I thanked her and poured milk on my cereal. “How was the band concert?” I asked, looking from one to the other.
“It was Battle of the Bands,” Johnny said. “The band from the battleship Arizona won. They played a crazy jitterbug.”
I stole a quick look at Auntie who didn’t look perturbed at the way the concert had gone. “We brought along Johnny’s school friend from up the road. Rose Yamamoto.” She poured a mug of coffee and inhaled the steamy aroma before turning to me. “How was your night? Did you have fun? I didn’t hear you come in.” There was a devilish gleam in her eye.
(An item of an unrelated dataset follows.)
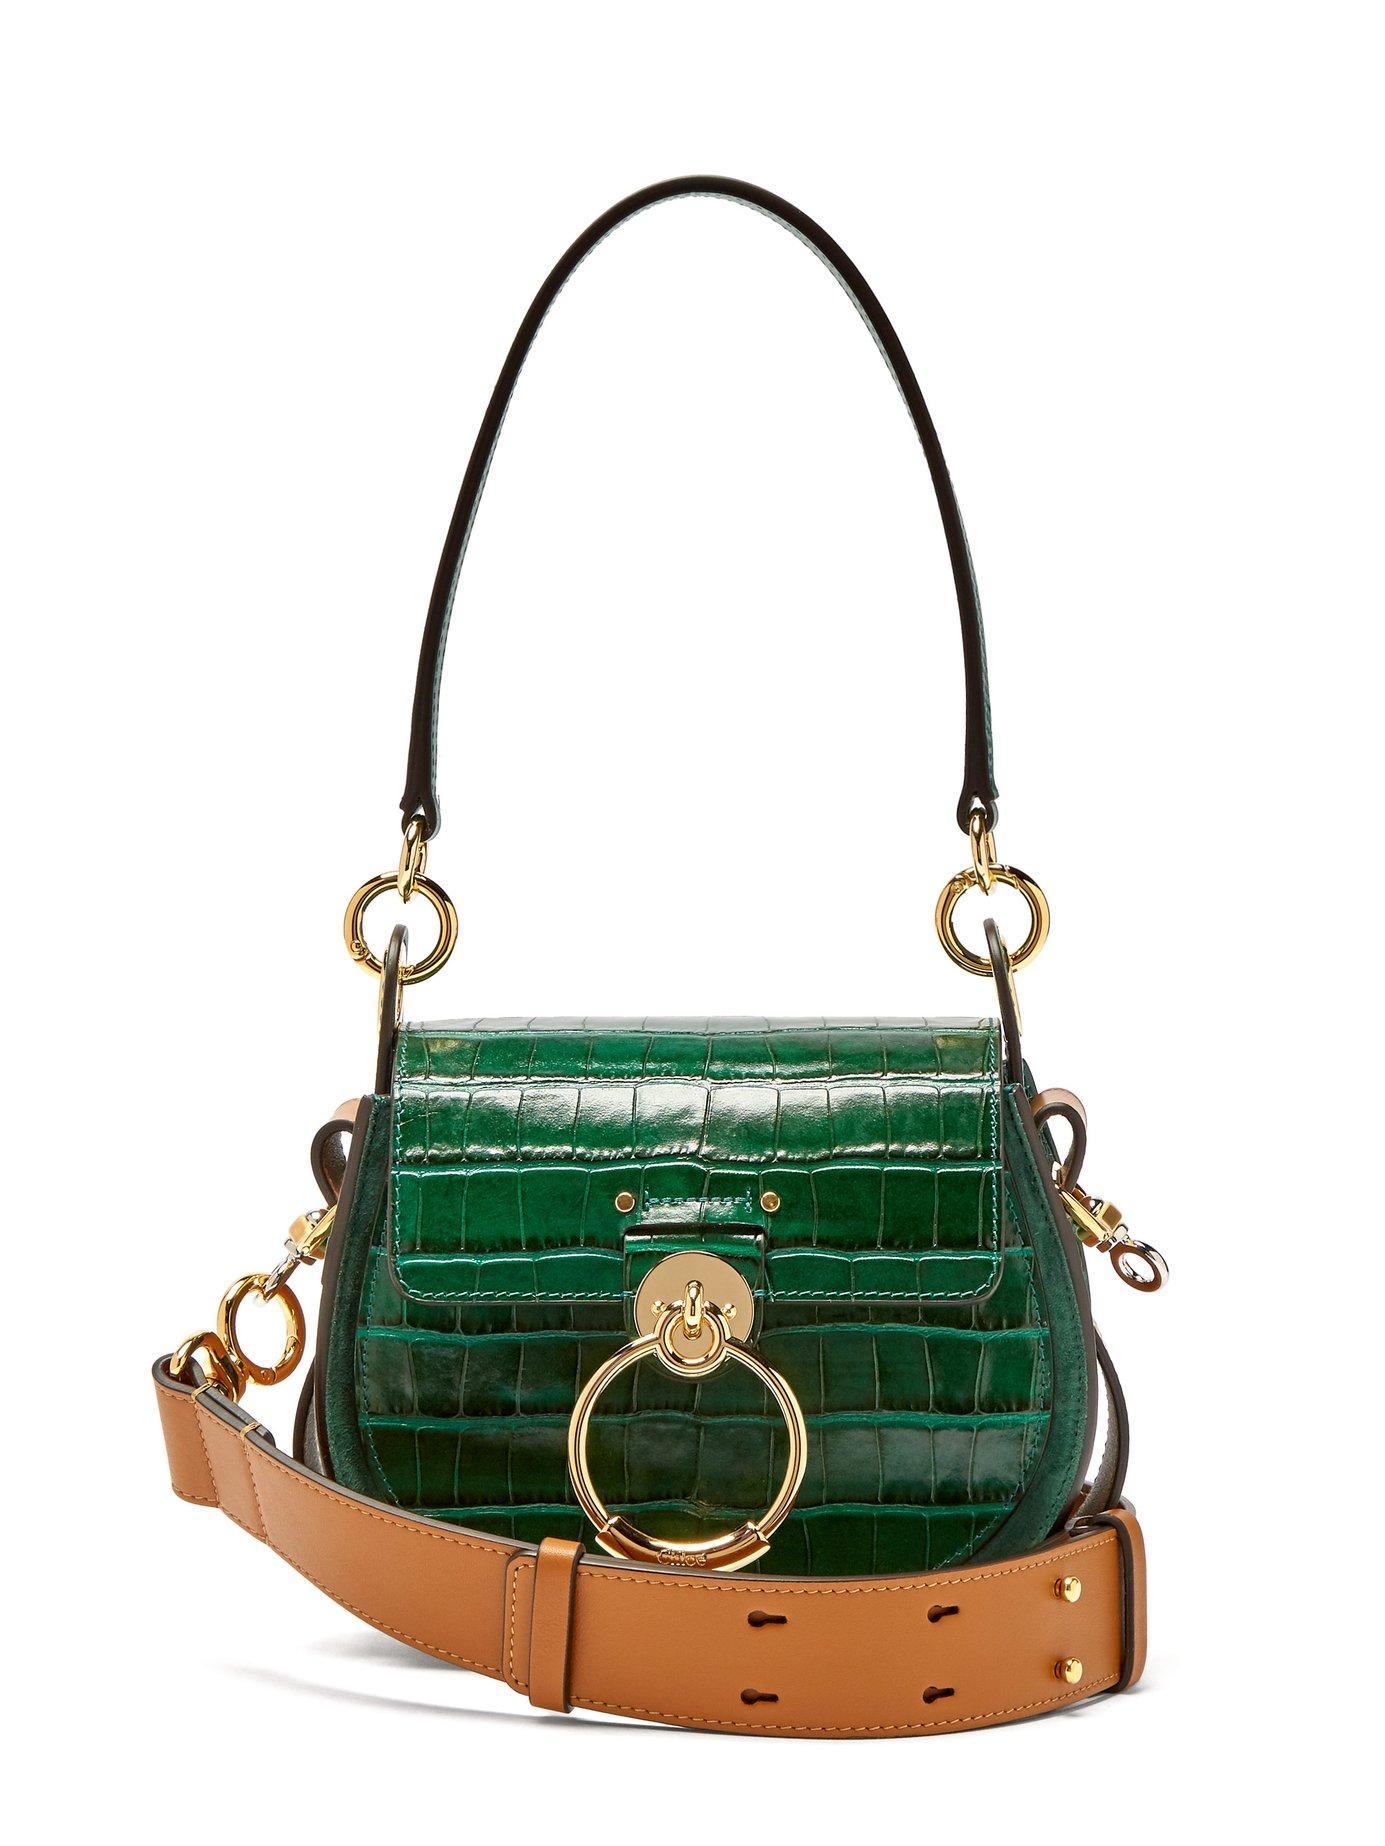 15958f4bf593 Chloé - Green Tess Small Crocodile Effect Leather Cross Body Bag - Lyst.  View fullscreen

“It was late.” I remembered the grandfather clock at the house had chimed at midnight. “I had more fun than I thought I would. Jerry knows a lot of people, and remember Violet from the library? She was there, so I invited her over for lunch next weekend.”
“That’s nice.” Auntie brought her cup of coffee over to the sit-in and wedged me in beside Johnny as if ready to get down to business. “And what about Jerry?”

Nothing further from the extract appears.